Recalienta la carne junto con su salsa y evita mantenerla innecesariamente al fuego una vez que todo el plato haya recuperado temperatura. La salsa protege mejor la superficie que un recalentado en seco. Si durante la refrigeración ha espesado mucho, puede necesitar un pequeño ajuste de líquido, pero conviene esperar a que se caliente antes de decidir cuánto añadir.
¿Se puede congelar la carne guisada?
Muchos guisos de carne se pueden congelar correctamente, aunque algunos acompañamientos pueden cambiar de textura. Las patatas, por ejemplo, no siempre conservan después de congelarse y descongelarse la misma textura que recién cocinadas. Si preparas el guiso expresamente para congelar, puede ser práctico separar determinados acompañamientos y añadirlos cuando se vaya a consumir.
¿Cómo hacer albóndigas guisadas que no queden compactas?
Evita trabajar la mezcla de carne más de lo necesario y forma las albóndigas sin comprimirlas excesivamente. También interesa que tengan un tamaño parecido para que su cocción sea uniforme. La composición de la mezcla influye en la textura final, así que no todo depende del tiempo que permanezcan posteriormente en la salsa.
¿Qué verduras funcionan bien en un guiso de carne?

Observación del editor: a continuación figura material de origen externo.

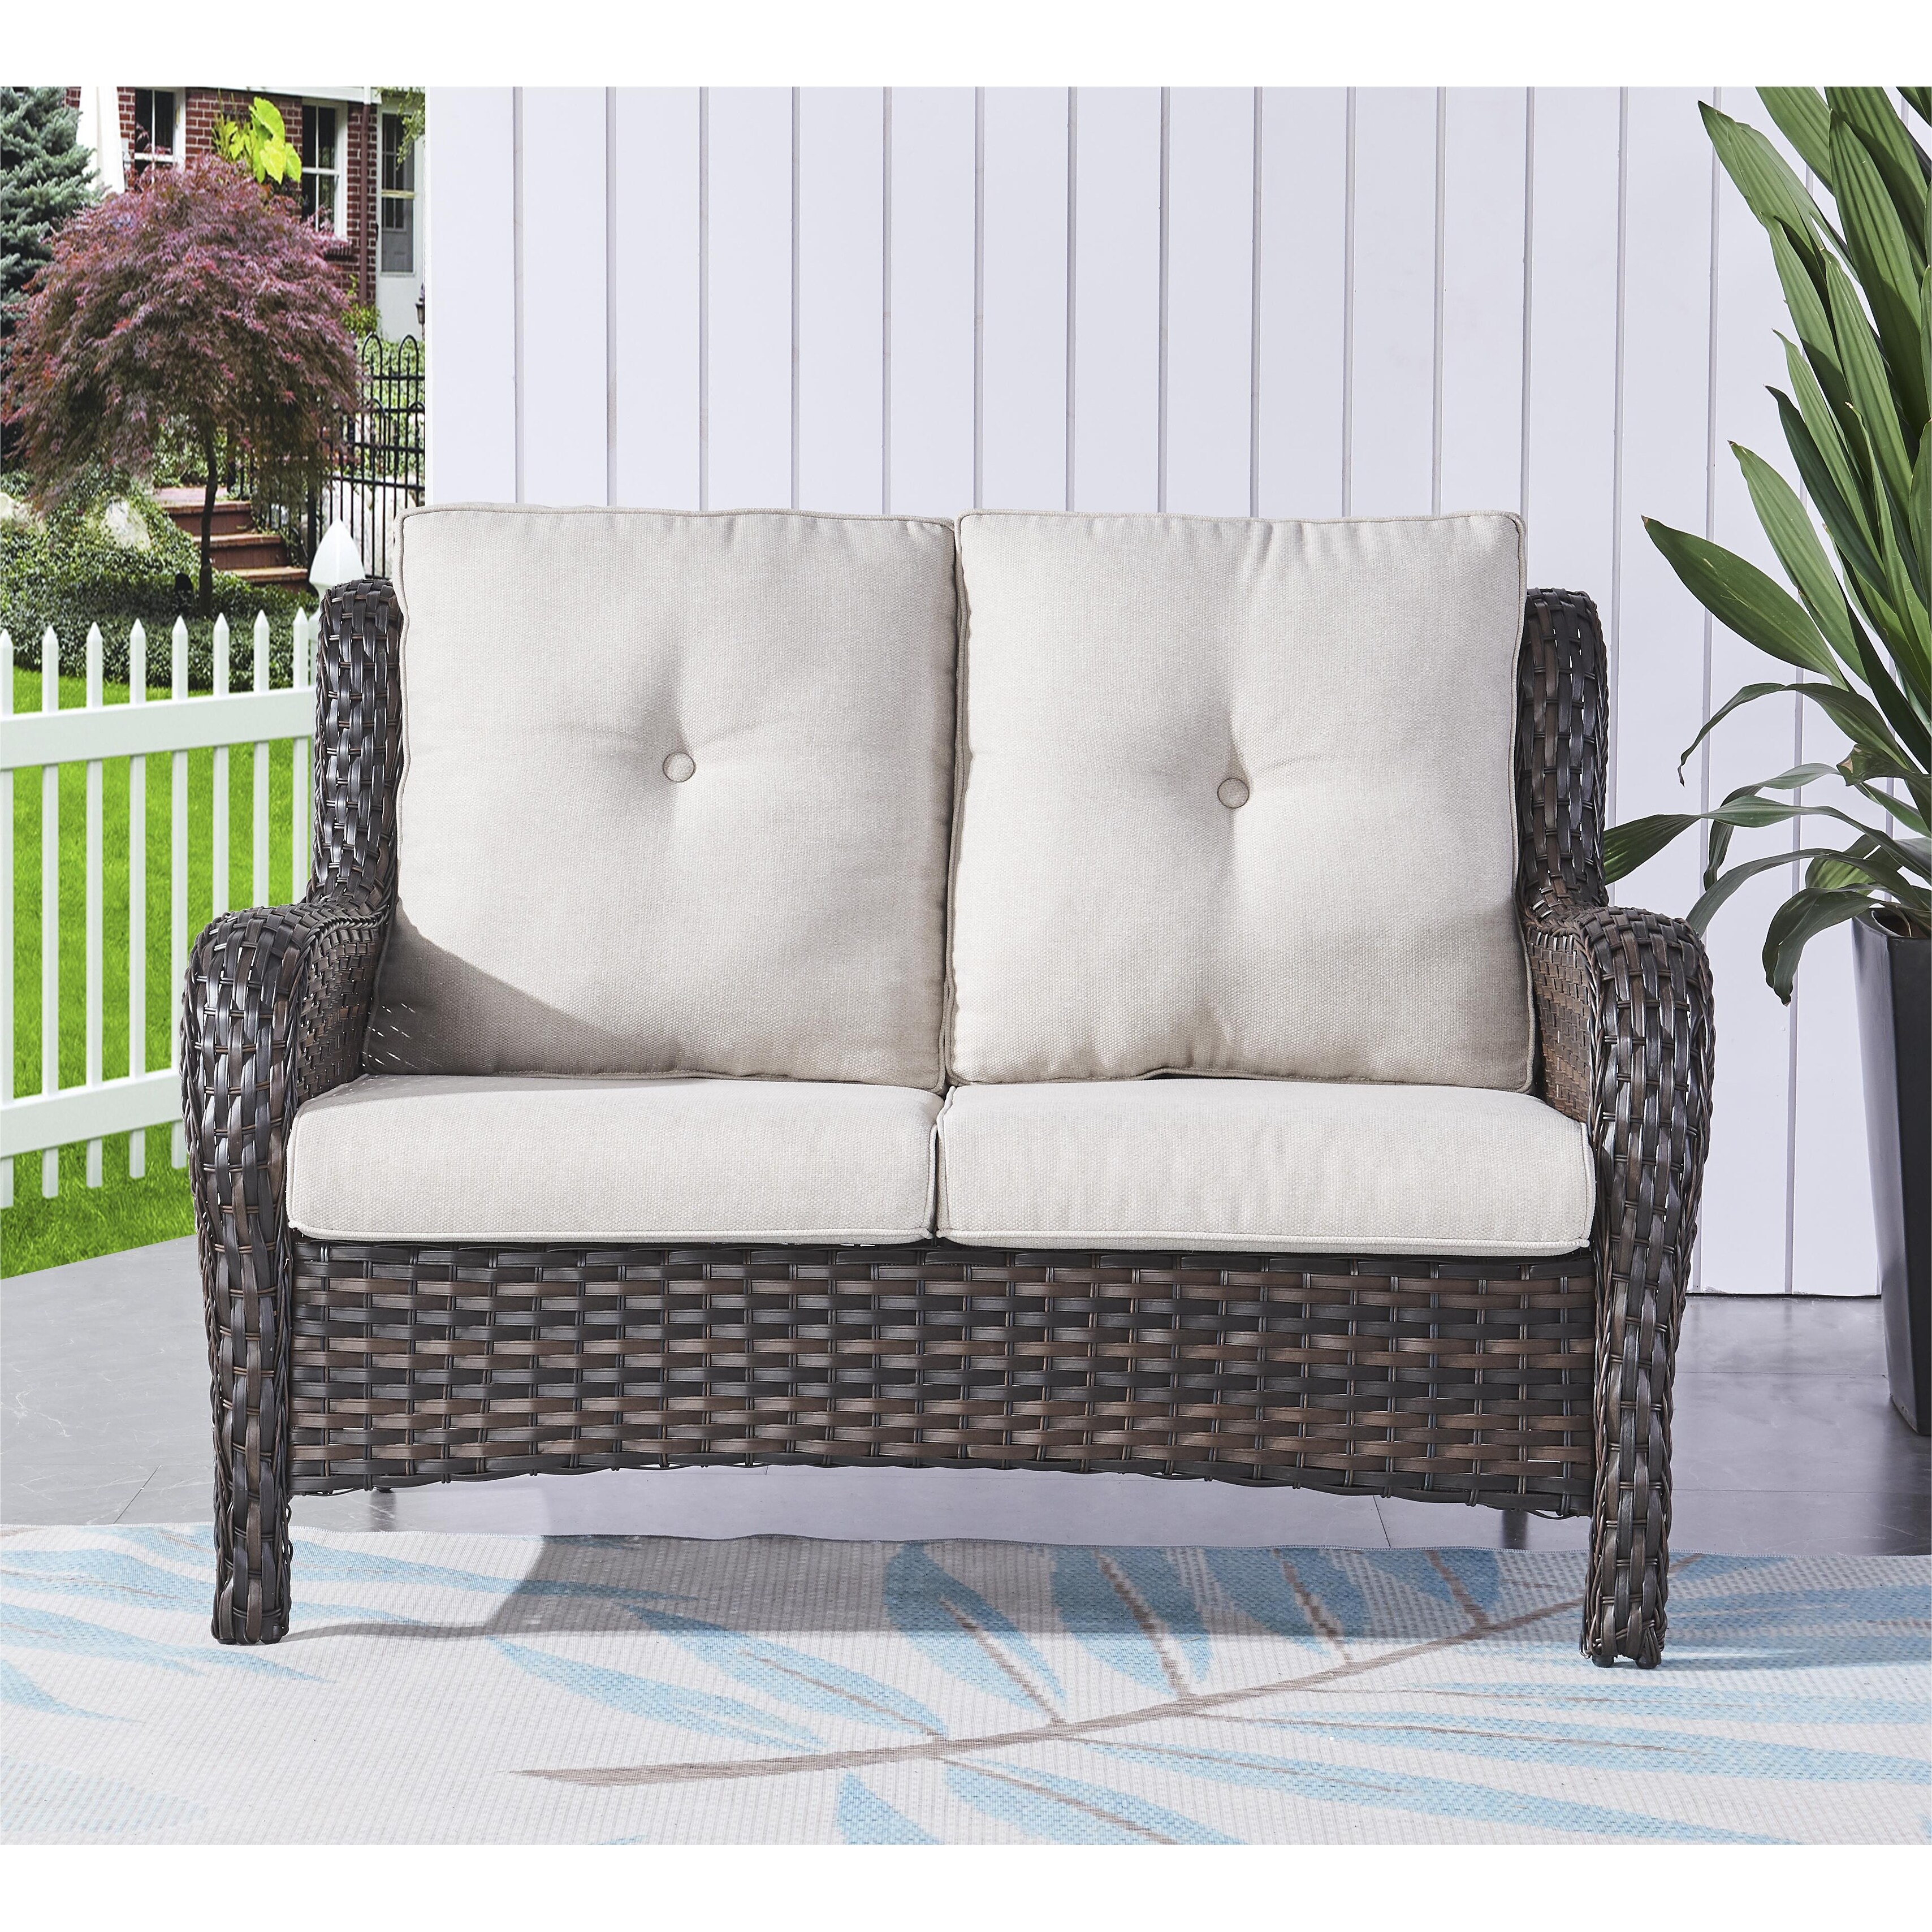 Pocassy Outdoor Patio Loveseat Sofa, Wide and Deep Seating Brown/Beige - image 1 of 5

Cebolla, zanahoria, pimiento, tomate, setas, guisantes y otras verduras aparecen en distintos tipos de guisos, pero no todas deben incorporarse al mismo tiempo. Una zanahoria destinada a cocinarse durante buena parte del estofado tiene necesidades diferentes a unos guisantes que interesa conservar enteros. El momento de incorporación debe decidirse según la textura final que se busque.